The Daily Breakdown looks at the recent rally to all-time highs in the S&P 500 and how market breadth was a clue to the big rally.

Friday’s TLDR

  • Market breadth remains strong. 
  • Breadth can give clues on the investing landscape.
  • The XLC ETF just hit new highs.

The Bottom Line + Daily Breakdown

There are a lot of ways to measure breadth in the stock market. 

Investors can look at the number of new highs vs. new lows. They can look at the number of stocks that are trading above or below a key moving average — like the 50-day moving average. Or they can look at the up-volume on an exchange (like the NYSE) vs. the down-volume. 

Some of these resources are readily available for free, like the information at the Wall Street Journal. Other measures take a bit more effort to build (like a custom script or spreadsheet). 

Oftentimes, the market can be really confusing, while headlines and the media are constantly writing about risks and worries in the market. Although that doesn’t necessarily make them untrue, they tend to over-blow the short-term implications and neglect the long-term realities of owning stocks

Follow the money

Oftentimes in trading, you’ll hear something along the lines of “price action trumps everything” — and for good reason. It’s hard to fight a market trend. Stocks will go up or down regardless of our opinion. 

While equities do generally favor the upside over long periods of time, there are times when stocks defy reality only to be humbled shortly thereafter (the S&P 500 hitting all-time highs in February 2020 while Covid-19 spread from China to Europe is one such example). 

That being said, it’s generally wise to “look under the hood” for the market. That is, look at what stocks are telling us. After all, this is a “market of stocks” and how they are behaving can be key to knowing whether we’re in a healthy environment or an environment under duress. 

What does breadth look like now? 

Thursday was a huge day for the markets. That’s as the S&P 500 rallied 1.7% and the Nasdaq 100 climbed 2.6%. 

That’s after the Federal Reserve cut rates by 50 basis points on Wednesday afternoon — even though the reaction wasn’t quite so clear on Wednesday, when both indices finished slightly lower that day. 

Despite the fall, look at the number of new highs vs. new lows in the index on Wednesday. 

Breadth for S&P 500 on September 18, 2024

While the indices fell, the individual action among stocks was decidedly more bullish.
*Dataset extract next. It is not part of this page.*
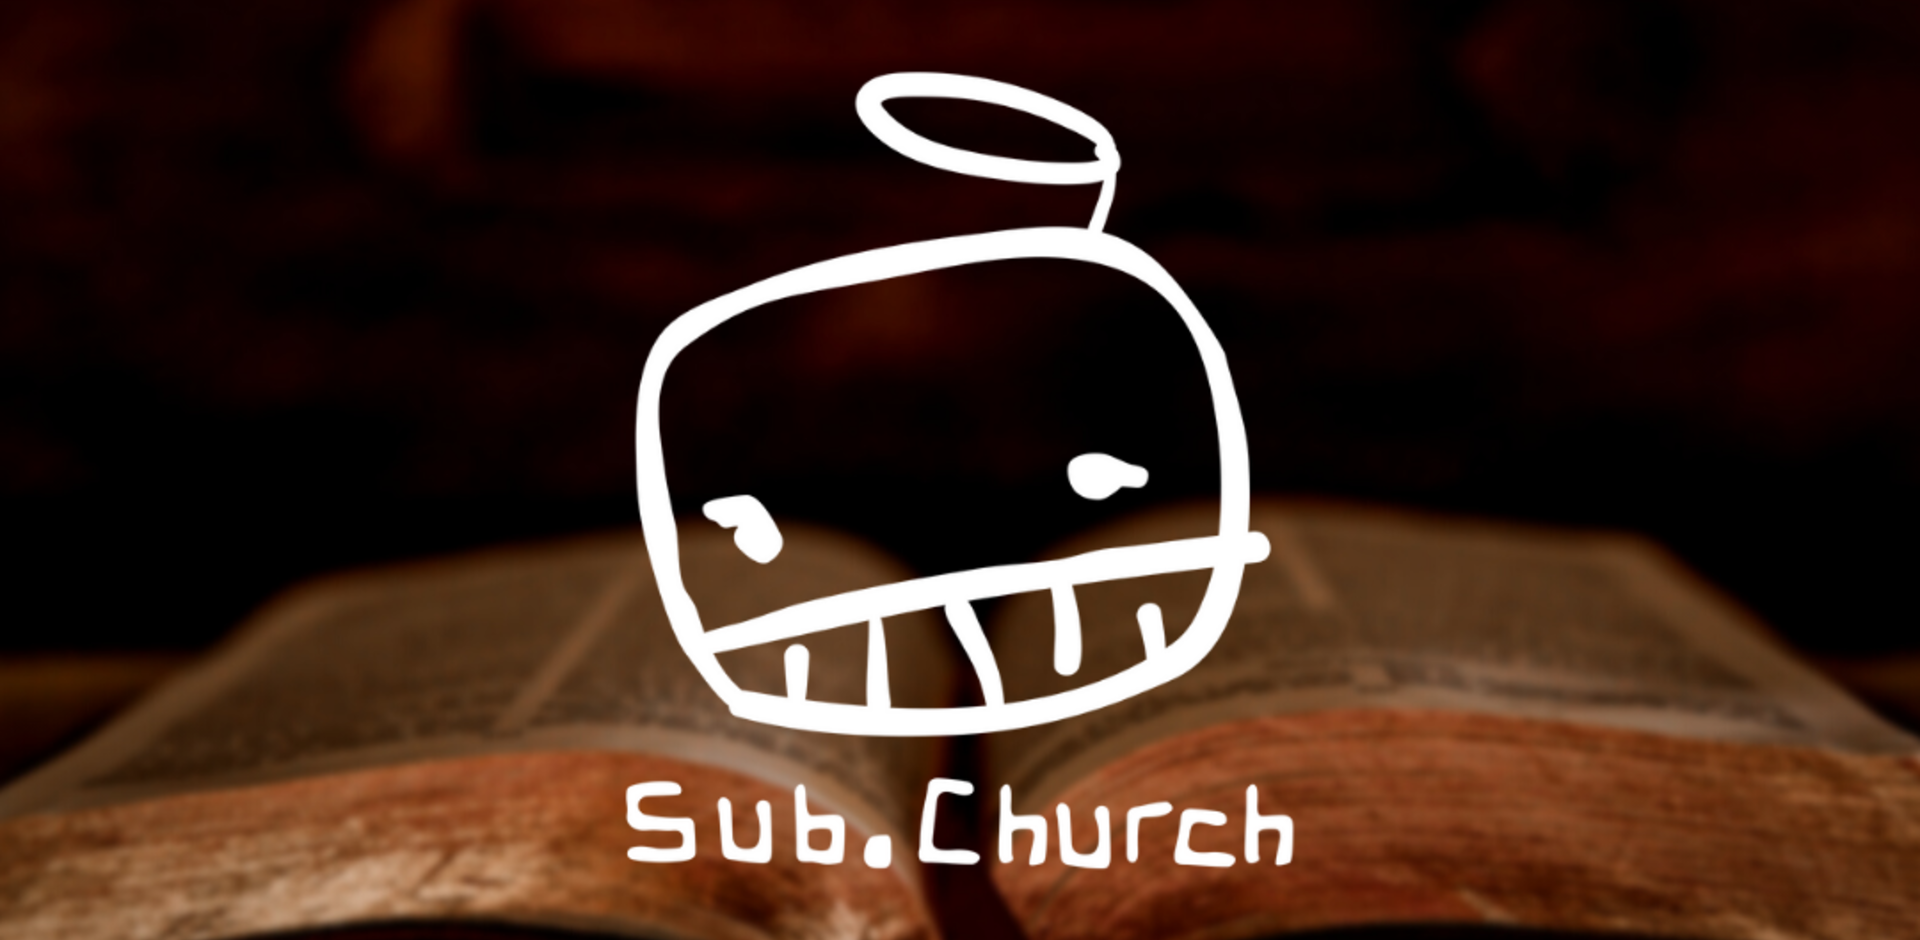 Sub church

Of course, that wouldn’t have meant that stocks couldn’t have fallen on Thursday or that we were guaranteed to have a big rally the next day. 

But it did tell us that investors weren’t panicking. Before the markets break down, we’ll need to see more stocks hitting new 1-month and 3-month lows — and we’ll need to see more of them than we see new highs. 

The bottom line: It’s just one exercise but knowing what stocks are doing can help give us confidence in what the market is actually doing — even when it feels like it’s going to do something else.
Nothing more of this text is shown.